Following the decision, many of the plaintiffs expressed an intent to find other means by which they could continue contesting the seizure of their homes. Soon after the decision, city officials announced plans to charge the residents of the homes for back rent for the five years since condemnation procedures began. The city contended that the residents have been on city property for those five years and owe tens of thousands of dollars of rent. In June 2006, Governor M. Jodi Rell intervened with New London city officials, proposing the homeowners involved in the suit be deeded property in the Fort Trumbull neighborhood so they could retain their homes. A group of New London residents formed a local political party, One New London, to combat the takings.

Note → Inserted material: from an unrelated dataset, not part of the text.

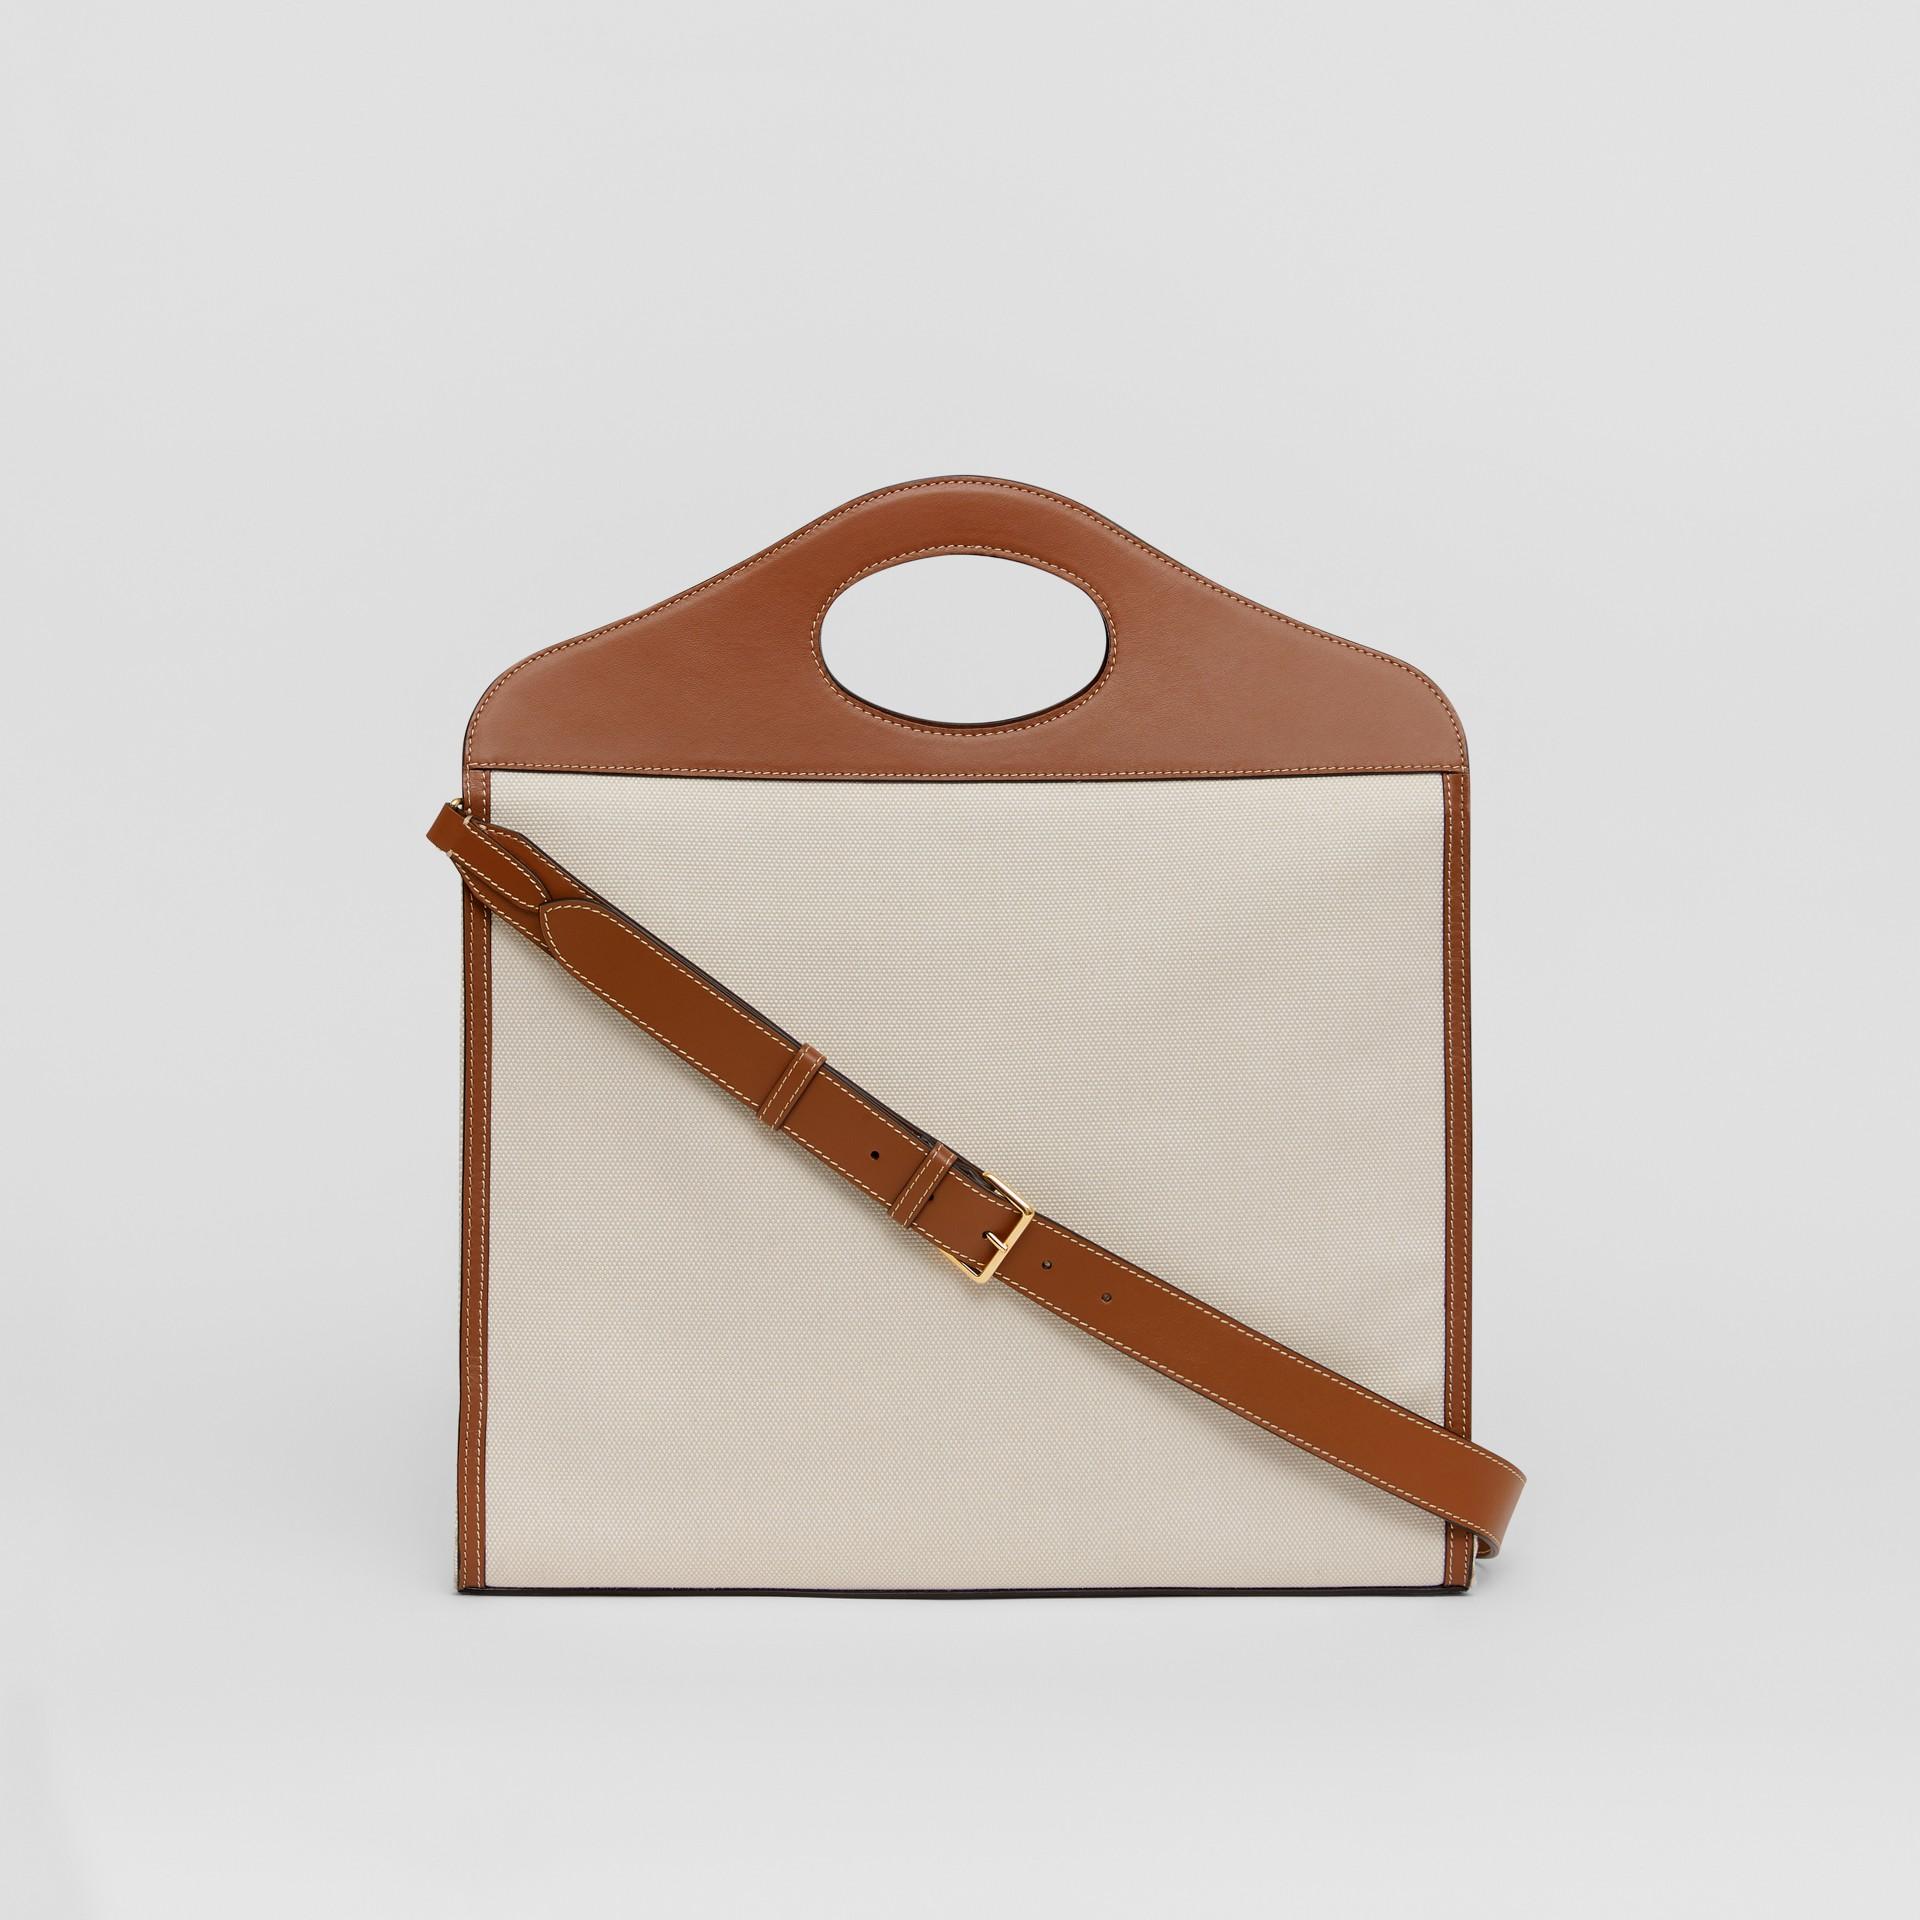 Bolso Pocket mediano en lona y piel de dos tonos (Natural / Marrón Malta) - Mujer | Burberry - imagen de la galería 7

The controversy was eventually settled when the city paid substantial additional compensation to the homeowners, and agreed to move Kelo's home to a new location. The land was never deeded back to the original homeowners, most of whom have left New London for nearby communities. Three years after the Supreme Court case was decided, the Kelo house was dedicated after being relocated to 36 Franklin Street, a site close to downtown New London. Susette Kelo, however, has moved to a different part of Connecticut.

In spite of repeated efforts, the redeveloper (who stood to get a 91 acre waterfront tract of land for $1 per year) was unable to obtain financing, and the redevelopment project was abandoned. As of the beginning of 2010, the original Kelo property was a vacant lot, generating no tax revenue for the city. In the aftermath of 2011's Hurricane Irene, the now-closed New London redevelopment area was turned into a dump for storm debris such as tree branches and other vegetation. However, as of May 2022, a private developer was slated to build 100 apartments, a 100-unit hotel, and a community center on the property. As of July 2024, the community center is the only project where ground has been broken.

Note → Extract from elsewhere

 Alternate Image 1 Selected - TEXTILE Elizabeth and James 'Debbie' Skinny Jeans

Pfizer, whose employees were supposed to be the clientele of the Fort Trumbull redevelopment project, announced its acquisition of competitor of Wyeth 42 months after the ruling was issued in January 2009, resulting in a consolidation of research facilities of the two companies; the deal closed that October. Pfizer chose to retain the Groton campus on the east side of the Thames River, closing its New London facility in late 2010 with a loss of over 1,000 jobs. That coincided with the expiration of tax breaks on the New London site that would have increased Pfizer's property tax bill by almost 400 percent.

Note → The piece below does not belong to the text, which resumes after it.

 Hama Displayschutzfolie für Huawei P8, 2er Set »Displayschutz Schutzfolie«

After the Pfizer announcement, the San Francisco Chronicle, in November 2009, in its lead editorial called the Kelo decision infamous:
 The well-laid plans of redevelopers, however, did not pan out. The land where Susette Kelo's little pink house once stood remains undeveloped. The proposed hotel-retail-condo "urban village" has not been built. And earlier this month, Pfizer Inc. announced that it is closing the $350 million research center in New London that was the anchor for the New London redevelopment plan, and will be relocating some 1,500 jobs.
The Chronicle editorial quoted from The New York Times: "They stole our home for economic development," ousted homeowner Michael Cristofaro told the New York Times. "It was all for Pfizer, and now they get up and walk away."

The final cost to the city and state for the purchase and bulldozing of the formerly privately held property was $78 million. The promised 3,169 new jobs and $1.2 million a year in tax revenues had not materialized, and nearly 2 decades passed before serious development on the site began.

=== Public reaction ===
Opposition to the ruling was widespread, coming from groups such as AARP, the NAACP, the Libertarian Party, and the Institute for Justice. The American Conservative Union condemned the decision. Much of the public viewed the outcome as a gross violation of property rights and as a misinterpretation of the Fifth Amendment, the consequence of which would be to benefit large corporations at the expense of individual homeowners and local communities. Many owners of family farms also disapproved of the ruling, as they saw it as an avenue by which cities could seize their land for private developments. Since the opposition to the ruling was so widespread, American journalist Charles C. W. Cooke argued in 2015 that a constitutional amendment like the one drafted by law professor Ilya Somin might attract enough support by a non-partisan coalition of progressives, independents and conservatives to undo the Supreme Court ruling in Kelo v. City of New London.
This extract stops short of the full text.